Yes. Being a female who would never do such a thing, my perspective doesn’t cover all angles so apologize for not seeing the other side of things


----------



## RadishRose (Apr 27, 2019)

> I don’t think the topic of ‘rape’ is off topic on a thread about women protecting themselves.



I agree, Keesha. 

Also, I don't see what clothing or manner of dress has to do with women needing to protect themselves.


----------



## Sunny (Apr 27, 2019)

Win, what a dramatic account of a horrifying experience. Fortunately, you weren't arrested. If you had been, I wonder if you would have done time in prison in the absence of any DNA evidence against you. It would have been your word against hers, and she had a history of drunken behavior. Although, race might factor in; our country has a sad history of innocent black men being arrested in similar circumstances.

In any case, not a good experience for you no matter what the outcome was, and you were being a good samaritan.


----------



## Ruthanne (Apr 27, 2019)

911 said:


> Just one correction; The last that I knew, carrying pepper spray was legal in all 50 states. What's not legal is that some states only allow up to a certain size canister and/or type of spray. Check with your state. About 40 states allow the carrying of stun guns and Tasers. I have been hit with a Taser in training. There is no doubt in my mind that Tasers are very effective. I carried one on my service belt and would rather use a Taser before my gun, if the situation allowed.


I carry pepper spray but am not sure how long it is good for.  Last time I had it so long I bought a new one just in case the old one expired or ran "out of gas."  We have to have a CCW permit in Ohio to carry a taser.


----------



## Ruthanne (Apr 27, 2019)

Trade said:


> Fight dirty. Bite, kick, claw and go for the vulnerable spots. Kick or punch him in the balls if you can, but even better go for the eyes. Try to bury your finger into one or both of his eye sockets all the way to the third knuckle.

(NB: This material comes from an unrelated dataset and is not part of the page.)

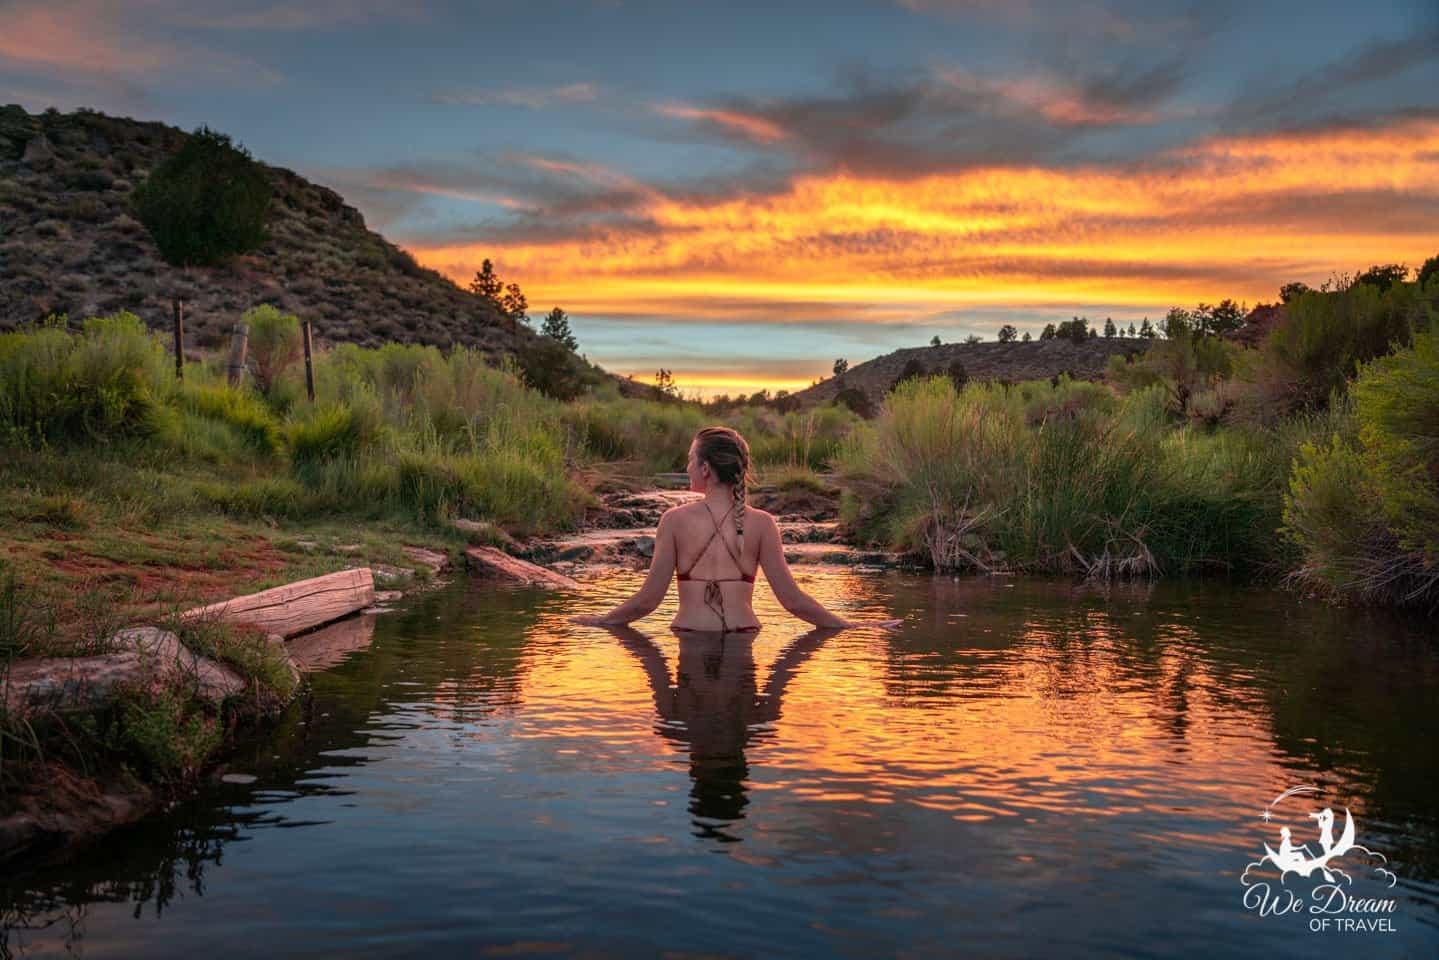 Fiery sunset from Little Hot Creek near Mammoth Hot Springs.

And if you manage to get the upper hand don't let up. Do society a favor and finish him off. And when the cops question you keep repeating the magic words "I feared for my life" every chance you get.
> 
> Now that I think of it, this advice goes for dudes too.


Yes, definitely~I have learned those things in self defense classes, too.


----------



## Ruthanne (Apr 27, 2019)

Gary O' said:


> If…you’re caught unawares, anything with a pointed end, even a Bic pen, can be a formidable weapon.
> 
> Stab at any part of the person nearest you, arm/hand whatever, but aim for the face if and when you have that chance.
> Don't quit stabbing.
> ...


Yes.



AZ Jim said:


> My Dad owned a bar years ago.  One night the conversations turned to rape.  Harvey a regular at the tavern said "I've told Marge if ever she is being raped rather than being hurt she should lie there and pretend she is enjoying it".  She said (in response),  "that will be easy, I've done it ever since we were married!"


Good sense of humor she had~



SeaBreeze said:


> Good advice Gary, the face is always good, especially the eyes.  But as I mentioned before, try not to project your intended moves beforehand, giving him an chance to block or stop them.  Catch him off-guard if possible.


yes.



Sunny said:


> Uptosnuff, except that they could grab the cell phone and run off with it. Better than being physically assaulted, I guess.
> 
> Squatting Dog, no, that is a terrible idea, and a large part of what is wrong with this country right now. Much more likely to create problems than to prevent them.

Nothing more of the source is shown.